• [What to work on] Output all the data exactly. Pictures do not belong in the copy.

• [Dataset section]
********

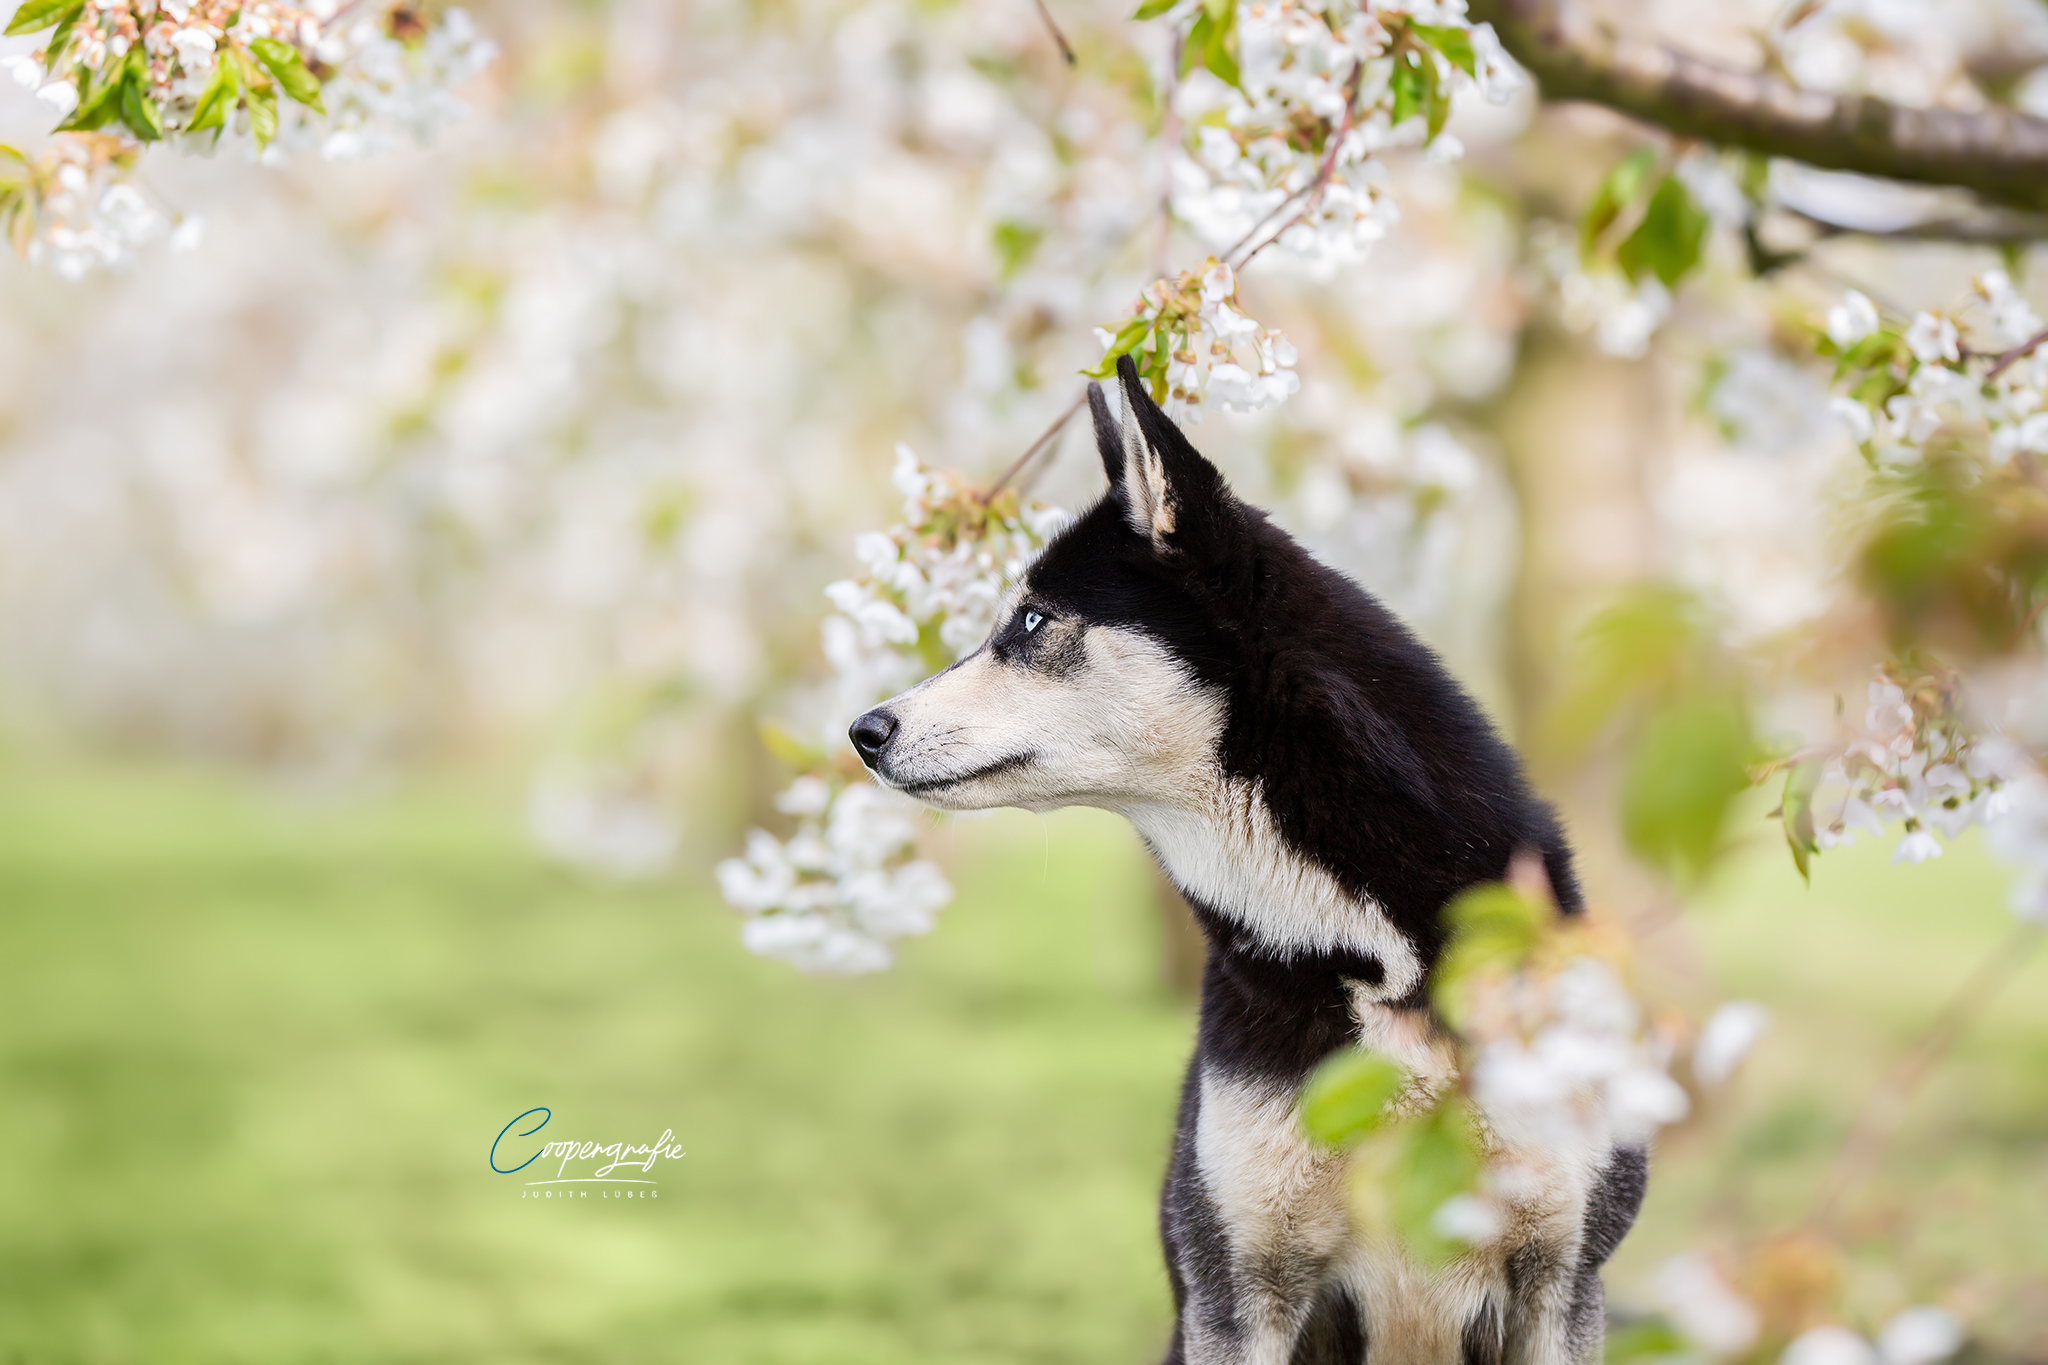 Ein Porträt von einem Husky zwischen Apfelblüten auf einer Obstplantage.
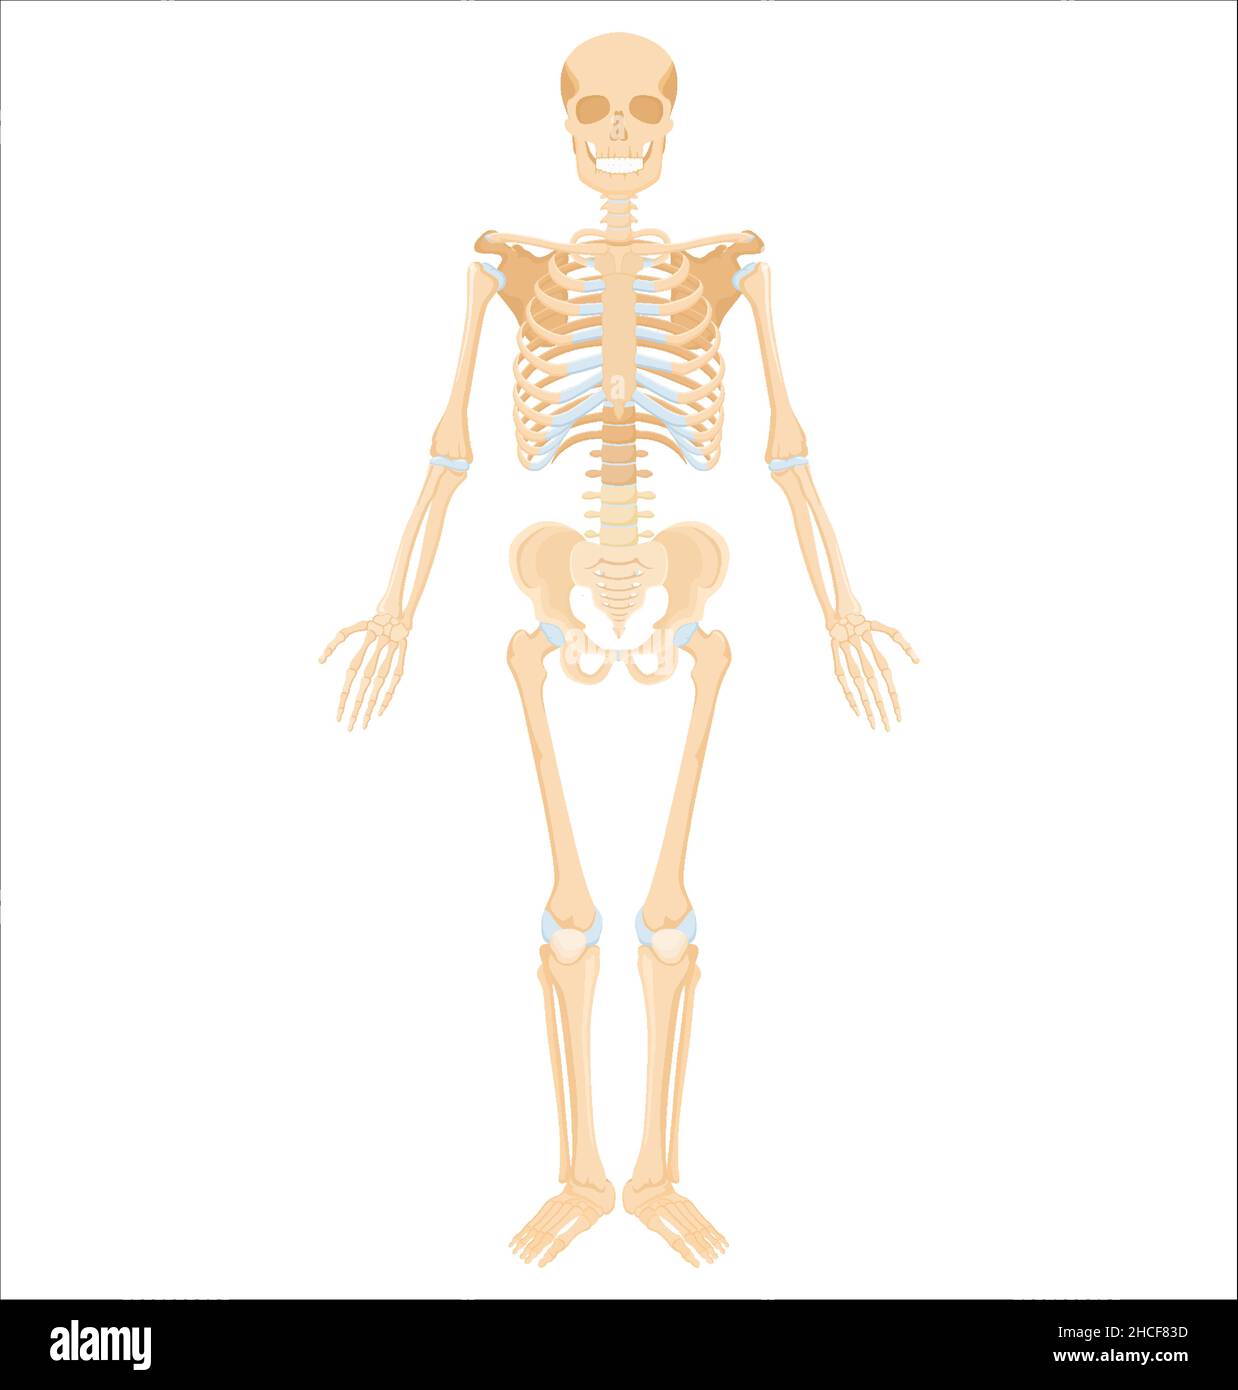 Scheletro umano. Banner anatomico medico. Ossa gialle realistiche degli arti o del cranio, tronco con colonna vertebrale e costole. Vista frontale del sistema scheletrico isolato Illustrazione Vettoriale
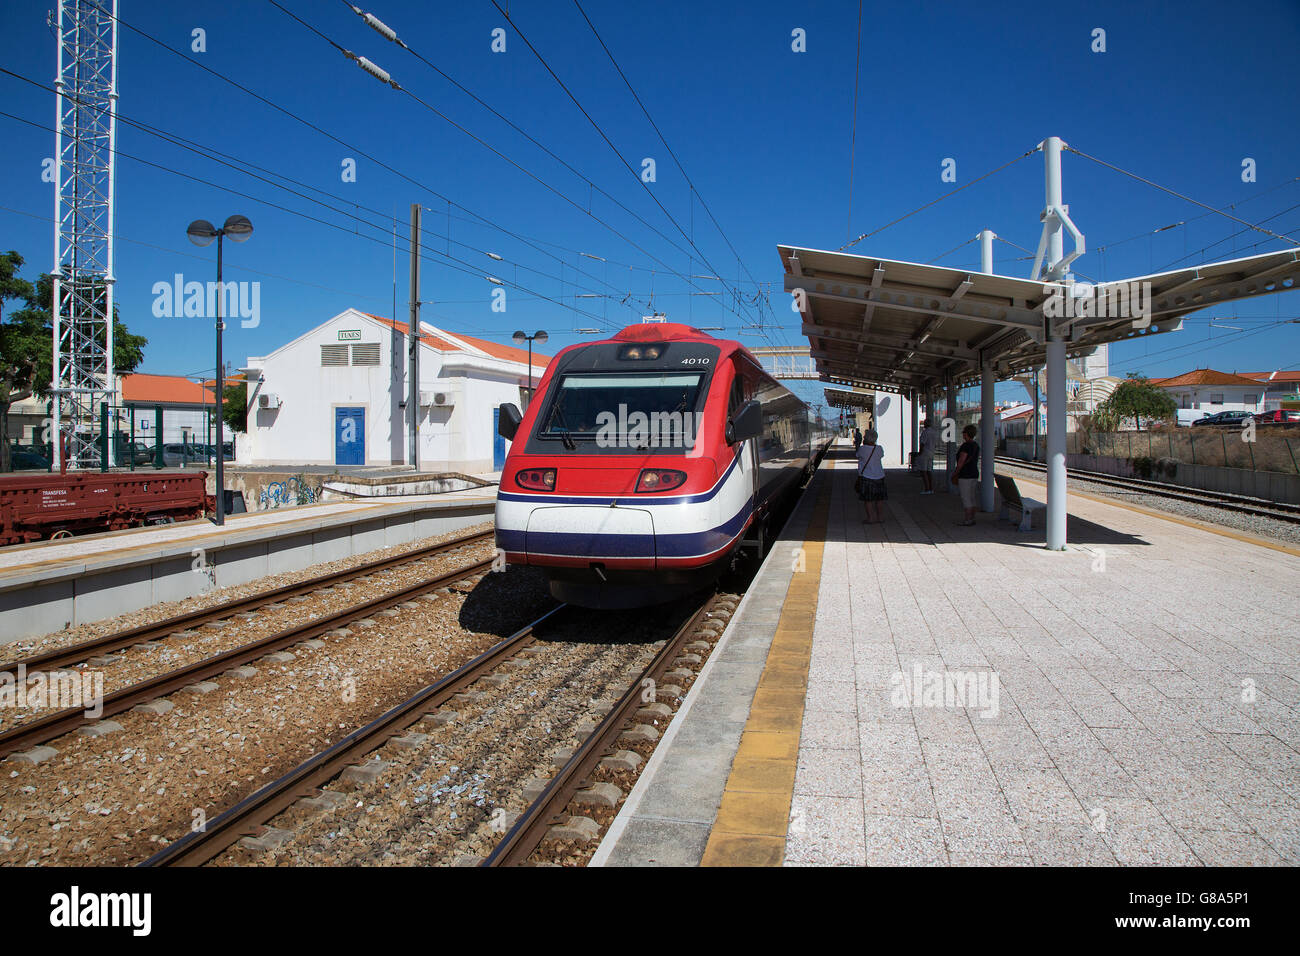 Alta velocità Alfa pendolari pendolino presso Tunes stazione ferroviaria in Algarve, PORTOGALLO Foto Stock
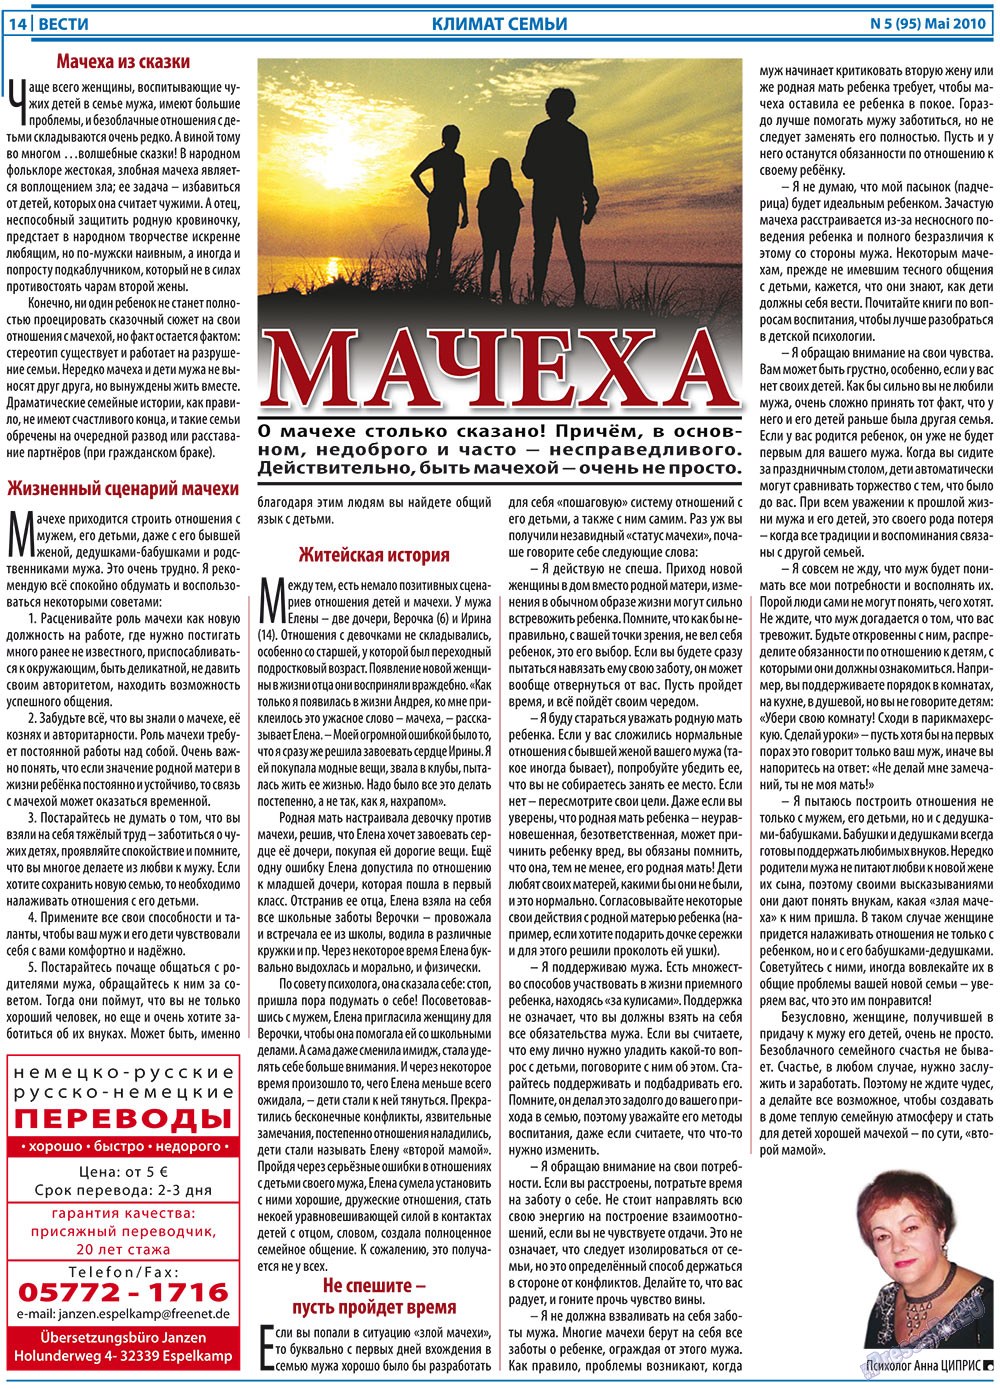 Вести, газета. 2010 №5 стр.14

********

• [Answer section]
 Ein Porträt von einem Husky zwischen Apfelblüten auf einer Obstplantage.
 Scheletro umano. Banner anatomico medico. Ossa gialle realistiche degli arti o del cranio, tronco con colonna vertebrale e costole. Vista frontale del sistema scheletrico isolato Illustrazione Vettoriale
 Alta velocità Alfa pendolari pendolino presso Tunes stazione ferroviaria in Algarve, PORTOGALLO Foto Stock
 Вести, газета. 2010 №5 стр.14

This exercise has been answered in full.